Average Hourly Earnings rose by 7 cents to $28.29.
Average Hourly Earnings increased by 3.1% on a YOY basis vs. estimates of 3.0%. Last month was revised upward from 3.0% to 3.2%

Employment:

The Headline Unemployment Rate dropped to 3.5% vs. est. of 3.6%.
The U6 Unemployment Rate dropped from 7.00% down to 6.90%.
The Participation Rate dropped from 63.3% to 63.2%.

Consumer Sentiment: The Preliminary December release was much stronger than expected (99.2 vs. estimates of 96.5).

Services: The November ISM Non Manufacturing (Services), which account for more than 2/3 of our economic engine, continued to show expansion with a reading of 53.9. But that was a little below market expectations of 54.7.

Manufacturing: The November Markit Manufacturing Index was stronger than expected (52.6 vs. estimates of 52.2) and remained in expansionary territory but the ISM Manufacturing Index came in below 50 which is contractionary (48.1 vs. estimates of 49.2).

Central Bank Palooza

The Bank of Canada kept their key interest rate at 1.75%

What’s on the Agenda for this Week?

Overview

Just like last week, we expect the Danger Zone to hold and to be avoided. That may change by Thursday or Friday but not due to our Fed. That could only come from a Trade agreement/announcement one way or another and the outcome of the Brexit vote. If there is a postponement of the Sunday round of tariffs due to a real trade deal AND the Brexiteers win on Thursday, MBS could be pummeled. But if the tariffs are postponed based upon good faith “progress”, then MBS will do nothing for the week.

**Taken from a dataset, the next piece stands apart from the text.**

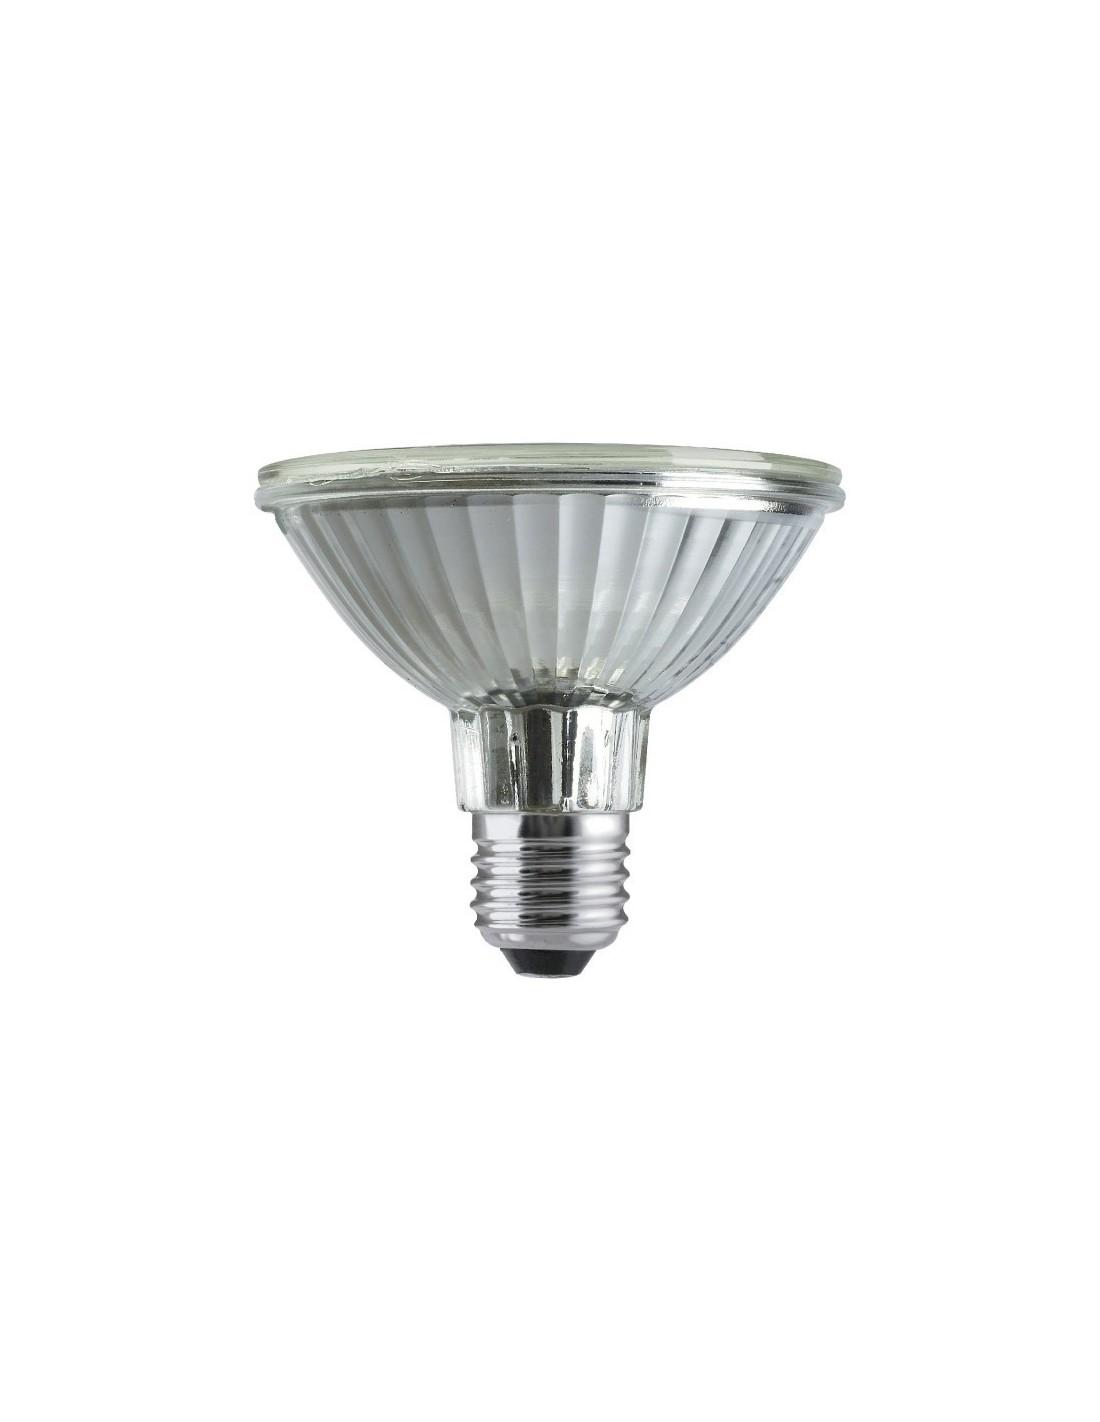 Lampe r flecteur halog ne e27 par 30 faisceau 30 puis w 75 pce 1 candela - Reflecteur solaire maison ...

If Trade Talk breaks down and tariffs will kick and Jeremy Corbyn is the new PM of the UK, then MBS will rally.

Three Things

The three areas that have the greatest ability to impact your pricing this week are: (1) Trade Wars, (2) Central Bank Palooza and (3)Brexit.

(1) Trade Wars: December 15th is fast approaching and the markets will be very sensitive to any deal or no deal by Sunday’s deadline. This issue is “highjacking” the markets and will be the primary force in pricing this week.

(2) Central Bank Palooza: Our own Federal Reserve Interest Rate Decision and Policy Statement is this week. The Fed has widely telegraphed that they are going to stand pat at this meeting but there are two main areas of focus: their Economic Projections and explanation on their oversubscribed repo auctions which have become a “thing” over the past 2 months. This is one of the FOMC meetings where they release their “dot plot chart” and traders will be looking closely at that to determine the future path of Fed rates. But our Fed is not the only game in town this week as the European Central Bank has their Interest Rate and Policy Statement as well. What is special about this particular meeting is that it’s the first one with new ECB Chair Christine Lagarde. She has spoken several times, but this will be her first policy meeting and first voting round.

(3) Brexit: There will be a popular vote on Thursday. The results will determine how many seats in Parliament each party has and the parties will then determine who the Prime Minister is; although this election is setup as keeping PM Boris Johnson and finally conclude Brexit or go with Jeremy Corbyn and remain a vassal state of the EU.

Treasury Dump

The following is our Treasury auction schedule for the week.

12/9 – 3 year note
12/10 – 10 year note
12/12 – 30 year bond

Market Wrap-up

Treasury Dump

Three year Treasury note auction results: $38B went off at a high yield of 1.632%. Bid to cover ratio was 2.56

Trade Snore

There was nothing really new on the Chinese trade front…just more of the same “both sides want to make a deal” but no official announcement yet. On the NAFTA front, the USMCA deal may finally go up for a vote in the Democratically controlled House by December 18th.

On Deck for Tomorrow

FOMC meeting begins, Non Farm Productivity and Unit Labor Costs, 10 year Treasury Note auction.